◆ Task to complete: From top to bottom, write out the listing exactly and skip every picture.

◆ Recorded information:

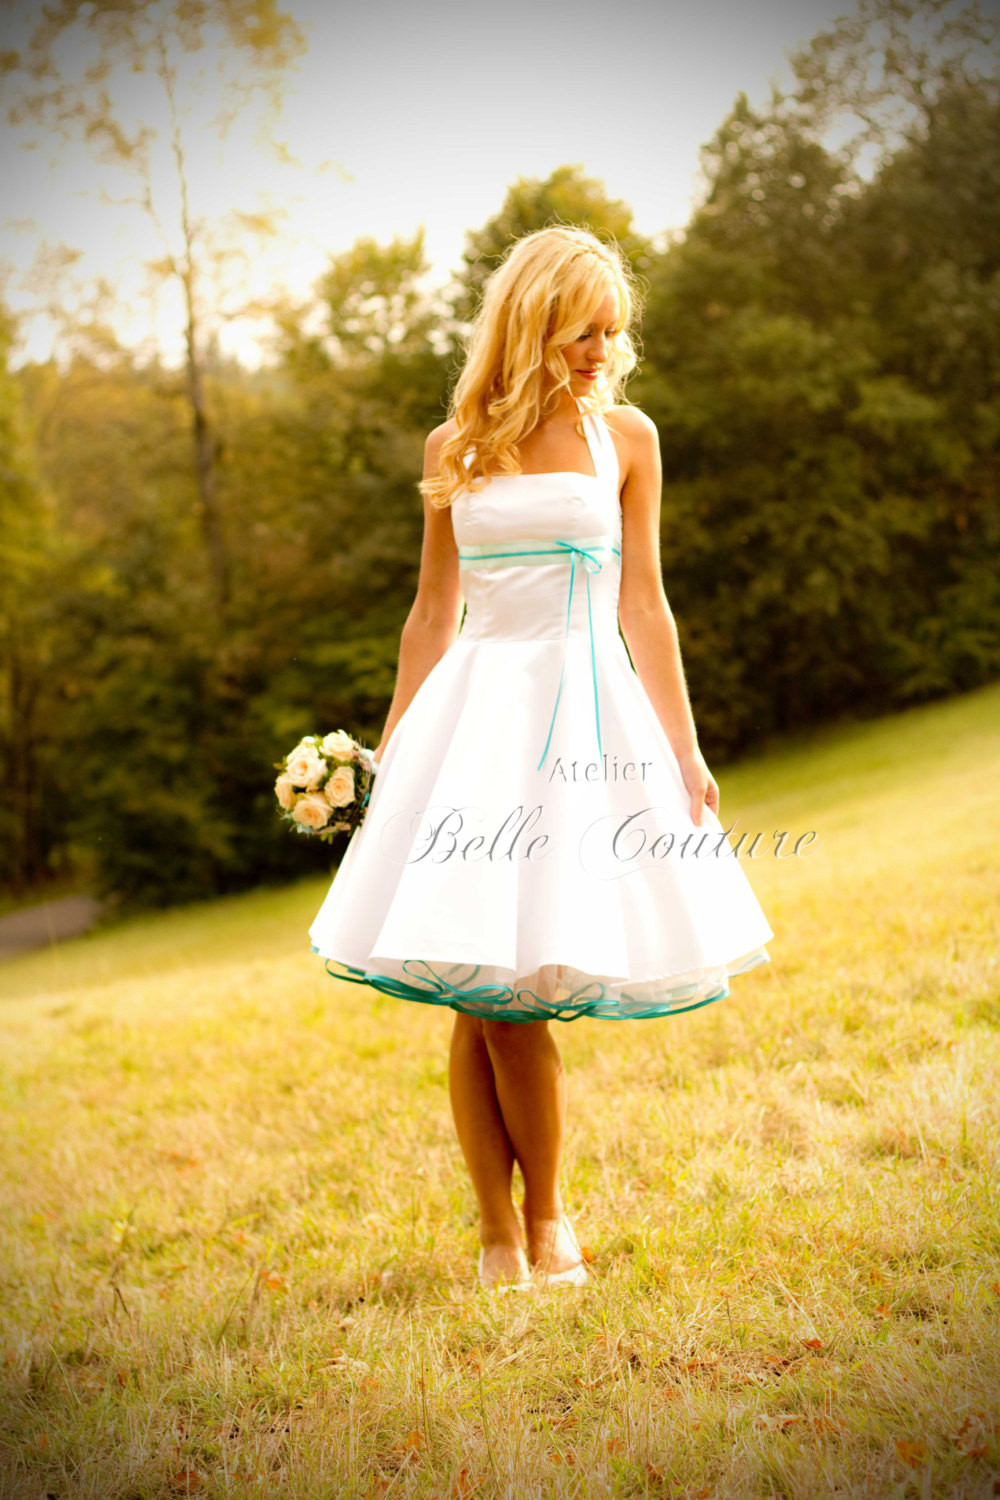 Wedding Dress Petticoat
 Petticoat Wedding Dress Item Véro By Atelierbellecouture
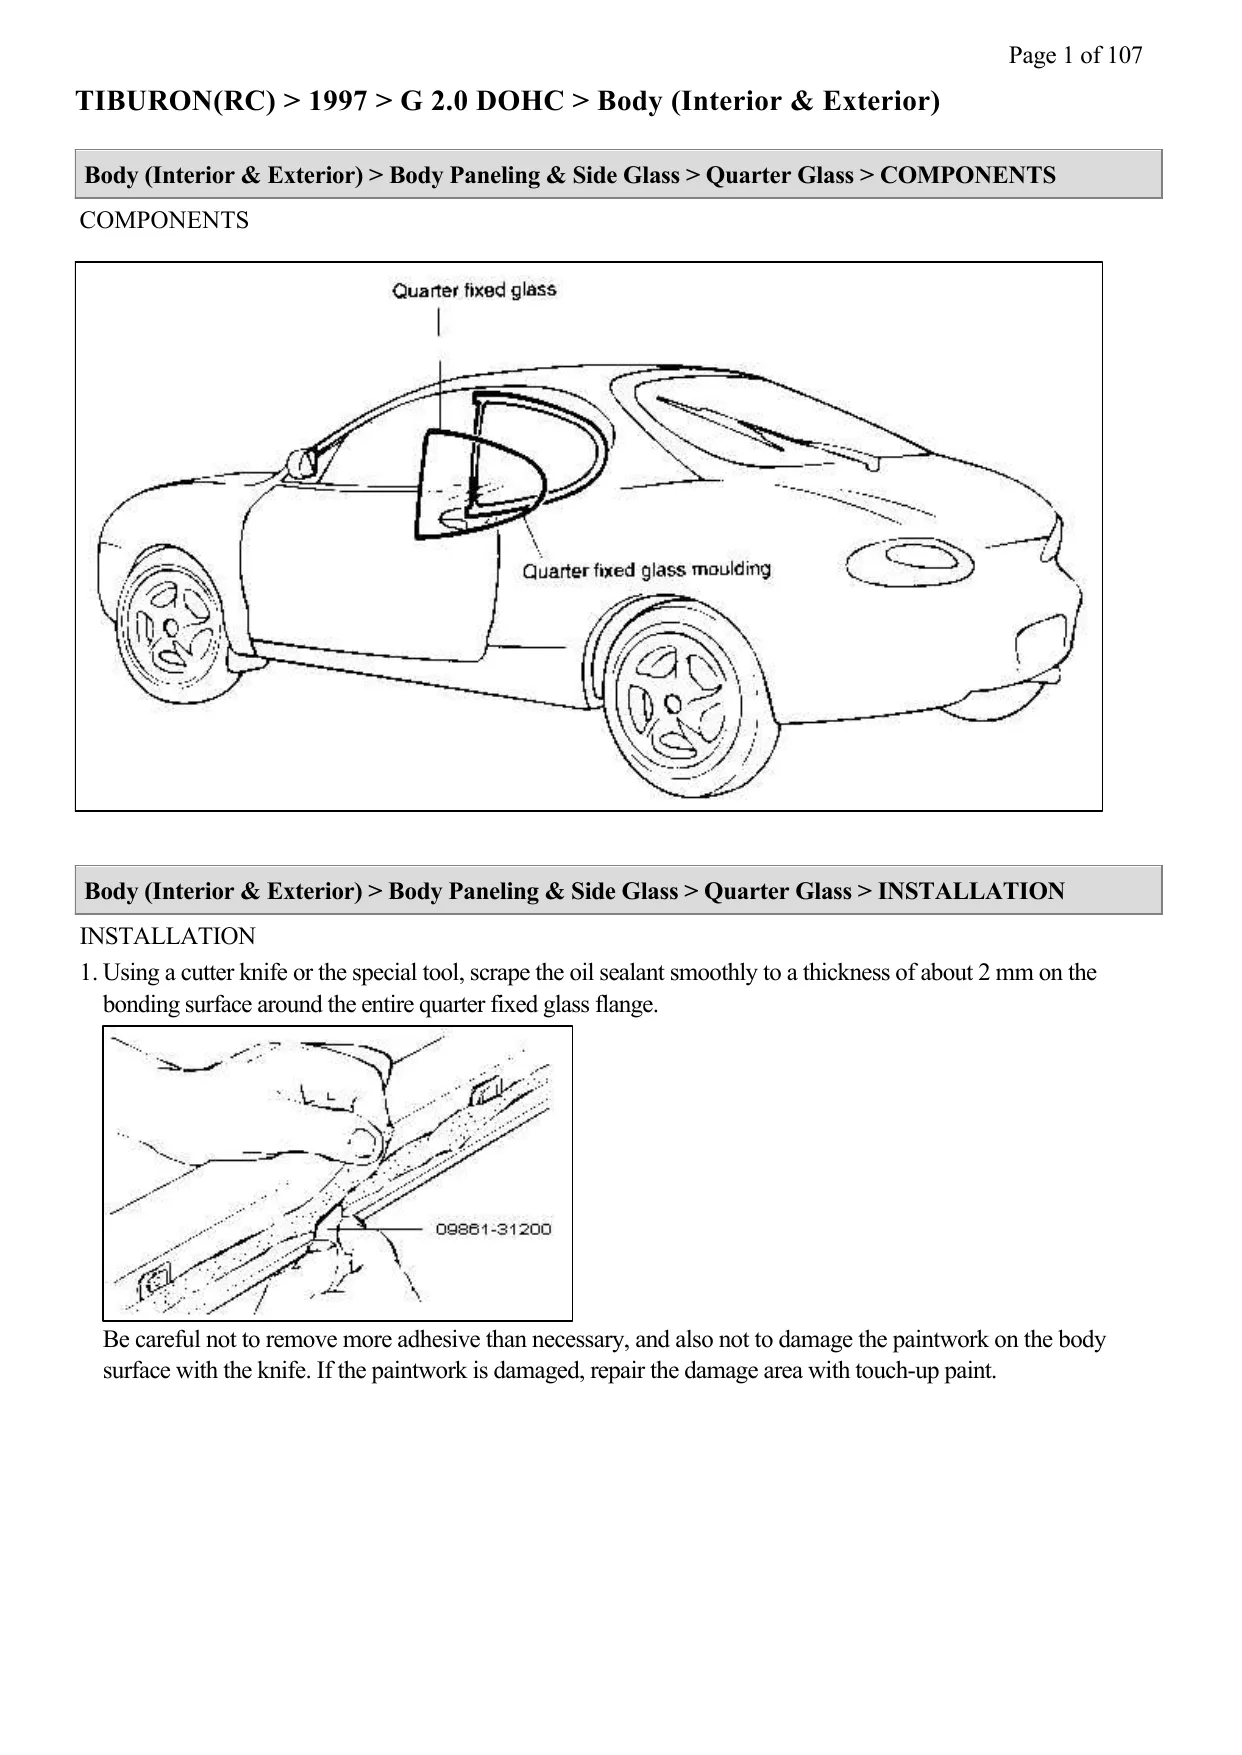 1997-2001 Hyundai Tiburon shop manual Preview image 1
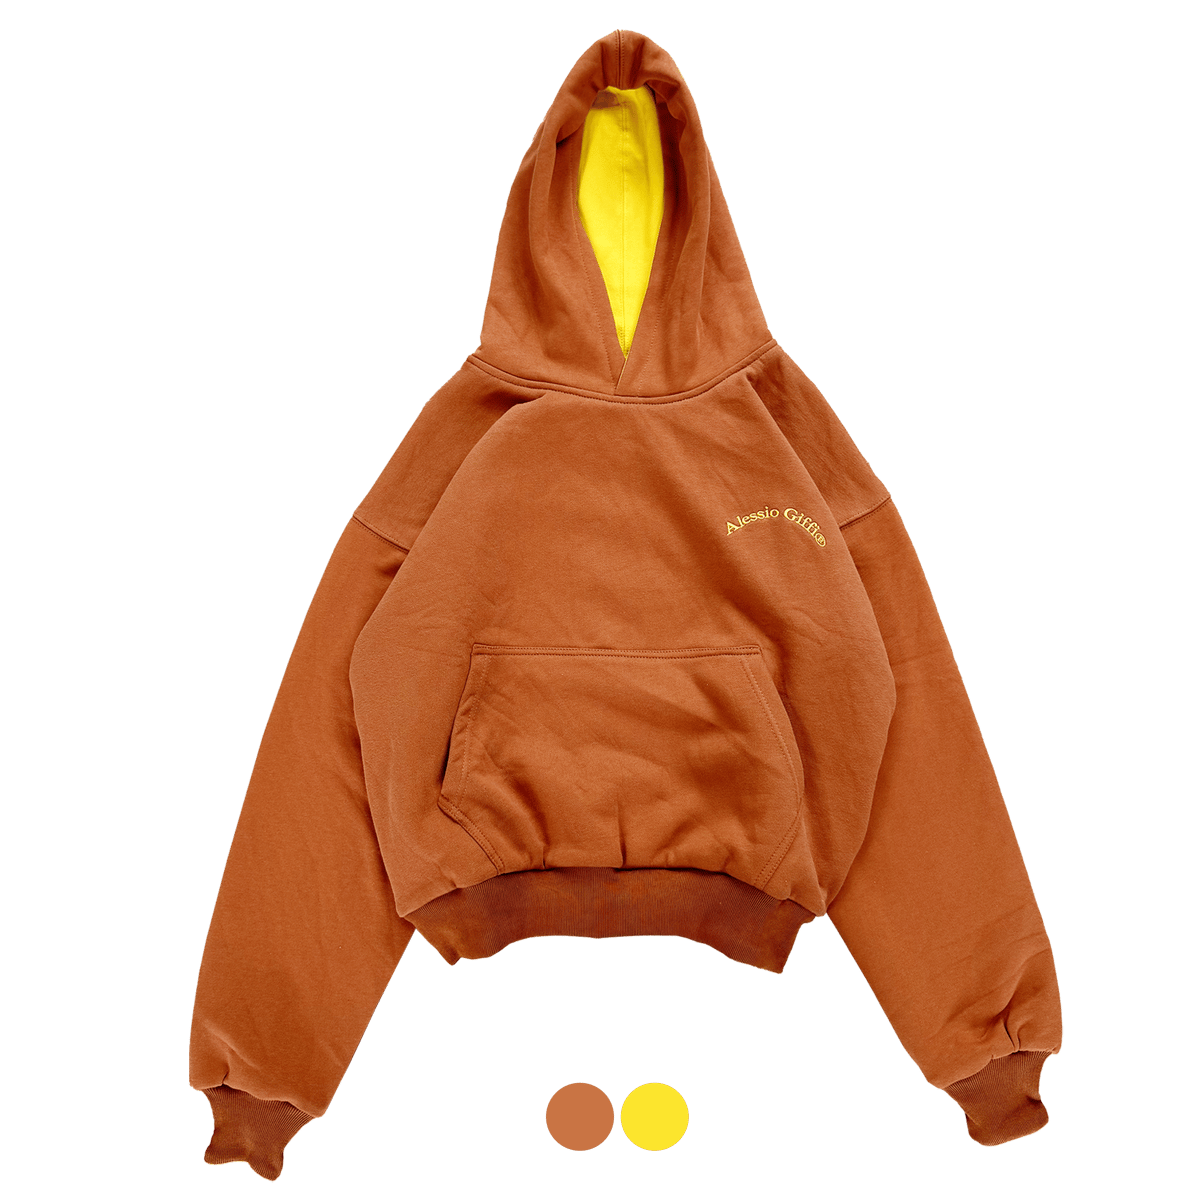 Image of “Fall” (23) in love - rusty orange/ scraper yellow perfect hoodie

◆ Your response:
 Wedding Dress Petticoat
 Petticoat Wedding Dress Item Véro By Atelierbellecouture
 1997-2001 Hyundai Tiburon shop manual Preview image 1
 Image of “Fall” (23) in love - rusty orange/ scraper yellow perfect hoodie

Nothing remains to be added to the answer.